Luigi Illica
Italian dramatist Luigi Illica wrote librettos for a number of important operas around the turn of the 20th century. He worked with Puccini on the texts of Manon Lescaut, La bohème, Tosca and Madama Butterfly and wrote librettos for many other operas, including Catalani’s La Wally and Giordano’s Andrea Chénier.

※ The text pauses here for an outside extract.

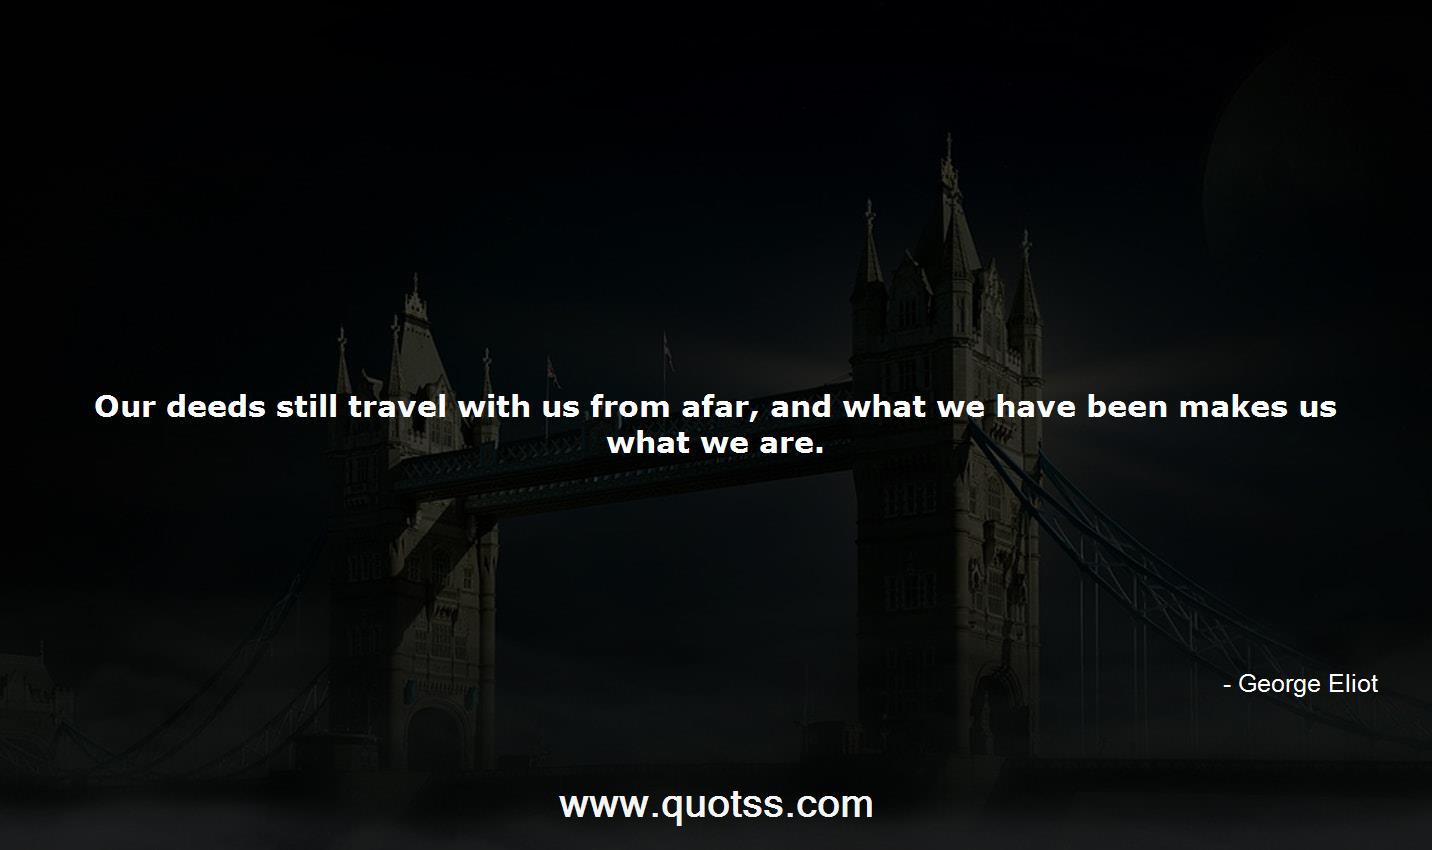 George Eliot Quote on Quotss
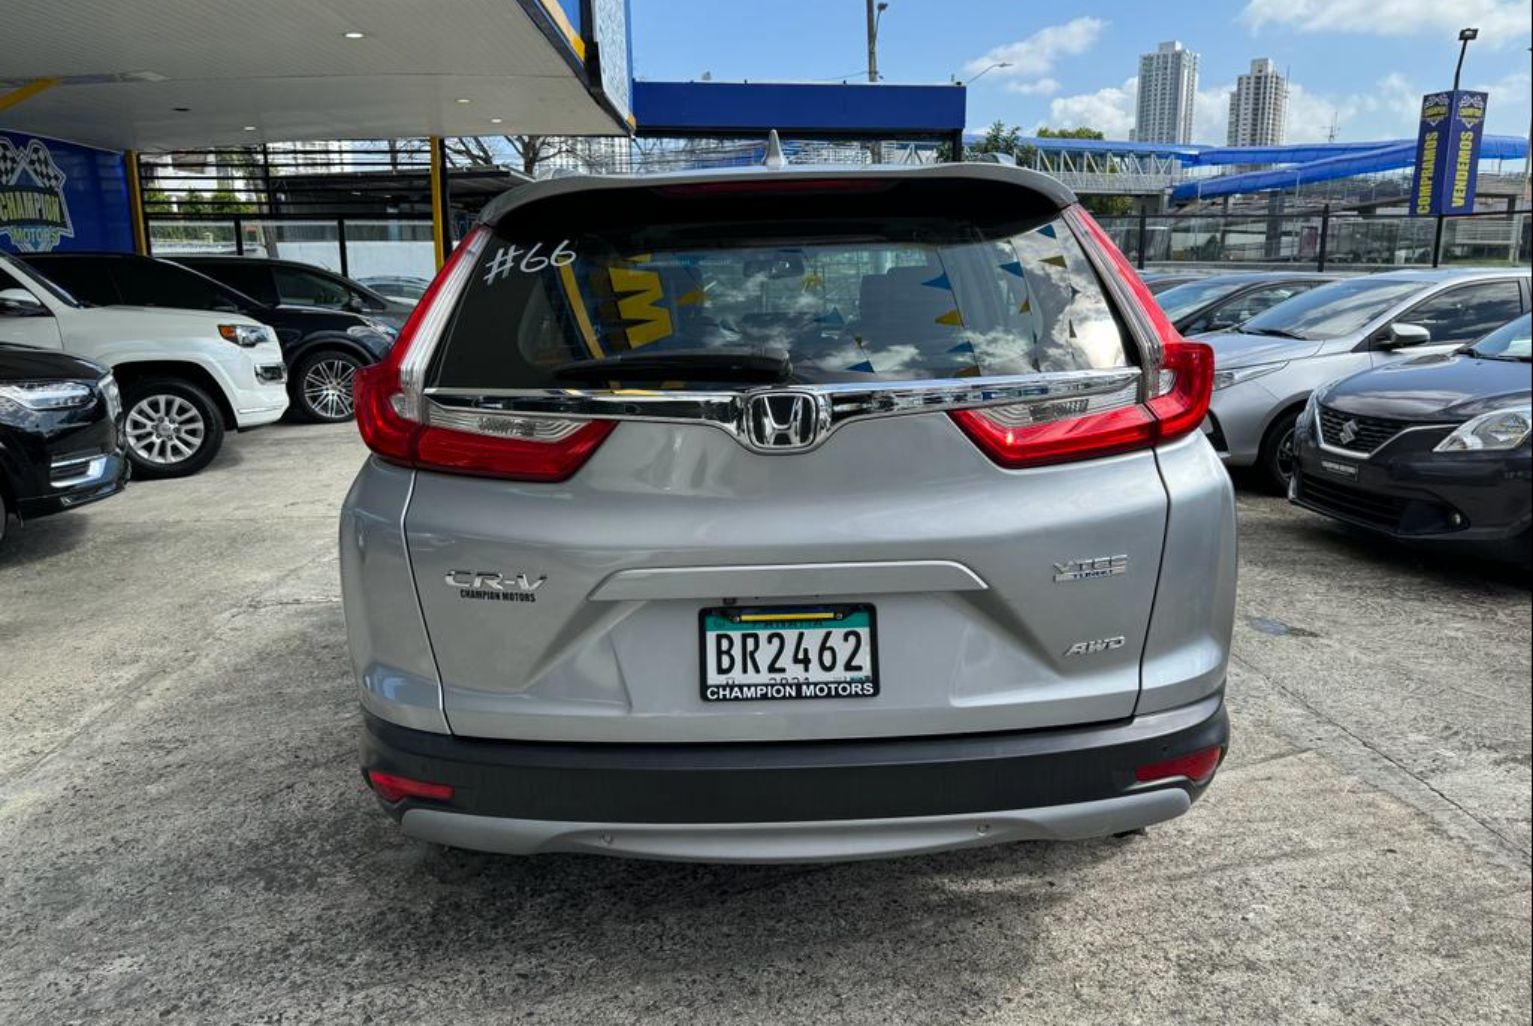 Honda CR-V 2018 Automático color Plateado, Imagen #5

Illica was born near Piacenza and ran away to sea as a young man. In 1879 he settled in Milan, working as a journalist; during this period he lost part of his right ear in a duel. He began creating theatre works in 1875, and his first libretto – for Antonio Smareglia’s Il vassallo di Szigeth – dates from 1889. In 1892 Illica and Giuseppe Giacosa became the final two librettists to work on Puccini’s Manon Lescaut, bringing the text to completion after its long gestation. Illica and Giacosa also collaborated on La bohème, Tosca and Madama Butterfly, with Giacosa versifying Illica’s drafted scenarios. Illica worked independently on more than thirty further librettos, including a number by Giordano and Mascagni.
Though Giacosa’s death in 1906 brought an end to Illica’s most fertile period of collaboration with Puccini, Illica worked on Maria Antonietta, ultimately never set by Puccini, until he enlisted for military service in 1915 at the age of 58.